The records:
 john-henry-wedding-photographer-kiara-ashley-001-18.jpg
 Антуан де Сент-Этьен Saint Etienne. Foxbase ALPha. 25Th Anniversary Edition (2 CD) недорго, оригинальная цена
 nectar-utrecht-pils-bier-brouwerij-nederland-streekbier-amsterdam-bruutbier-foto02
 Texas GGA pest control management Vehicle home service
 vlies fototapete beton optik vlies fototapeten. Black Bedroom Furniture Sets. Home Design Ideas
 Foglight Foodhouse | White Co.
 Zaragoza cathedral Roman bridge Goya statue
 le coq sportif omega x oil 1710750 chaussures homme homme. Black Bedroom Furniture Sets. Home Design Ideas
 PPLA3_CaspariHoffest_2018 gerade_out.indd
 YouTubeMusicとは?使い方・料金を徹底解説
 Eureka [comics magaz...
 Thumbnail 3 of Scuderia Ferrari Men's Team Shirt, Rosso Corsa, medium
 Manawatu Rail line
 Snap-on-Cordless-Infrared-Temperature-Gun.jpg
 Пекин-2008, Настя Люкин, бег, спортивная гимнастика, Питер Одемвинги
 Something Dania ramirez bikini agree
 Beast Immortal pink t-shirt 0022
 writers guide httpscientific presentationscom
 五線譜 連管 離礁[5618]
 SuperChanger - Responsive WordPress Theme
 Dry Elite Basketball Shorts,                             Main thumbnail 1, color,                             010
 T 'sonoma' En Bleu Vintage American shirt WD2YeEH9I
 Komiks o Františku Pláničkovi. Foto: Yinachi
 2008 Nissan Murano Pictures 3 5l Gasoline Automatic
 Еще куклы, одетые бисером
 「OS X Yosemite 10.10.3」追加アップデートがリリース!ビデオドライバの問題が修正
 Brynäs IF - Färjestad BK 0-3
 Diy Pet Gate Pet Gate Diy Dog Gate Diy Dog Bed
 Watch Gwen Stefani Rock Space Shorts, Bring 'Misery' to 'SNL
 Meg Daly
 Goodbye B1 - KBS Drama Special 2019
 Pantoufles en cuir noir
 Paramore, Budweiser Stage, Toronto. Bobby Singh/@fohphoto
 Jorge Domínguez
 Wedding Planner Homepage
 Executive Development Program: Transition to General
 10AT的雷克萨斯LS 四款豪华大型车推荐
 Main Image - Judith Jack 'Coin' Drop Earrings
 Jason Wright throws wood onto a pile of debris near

Brief: Retype exactly the lines of the data above that fall between the line with "PPLA3_CaspariHoffest_2018 gerade_out.indd" and the line with "Еще куклы, одетые бисером", inclusive, and add nothing.

Response to this task:
 PPLA3_CaspariHoffest_2018 gerade_out.indd
 YouTubeMusicとは?使い方・料金を徹底解説
 Eureka [comics magaz...
 Thumbnail 3 of Scuderia Ferrari Men's Team Shirt, Rosso Corsa, medium
 Manawatu Rail line
 Snap-on-Cordless-Infrared-Temperature-Gun.jpg
 Пекин-2008, Настя Люкин, бег, спортивная гимнастика, Питер Одемвинги
 Something Dania ramirez bikini agree
 Beast Immortal pink t-shirt 0022
 writers guide httpscientific presentationscom
 五線譜 連管 離礁[5618]
 SuperChanger - Responsive WordPress Theme
 Dry Elite Basketball Shorts,                             Main thumbnail 1, color,                             010
 T 'sonoma' En Bleu Vintage American shirt WD2YeEH9I
 Komiks o Františku Pláničkovi. Foto: Yinachi
 2008 Nissan Murano Pictures 3 5l Gasoline Automatic
 Еще куклы, одетые бисером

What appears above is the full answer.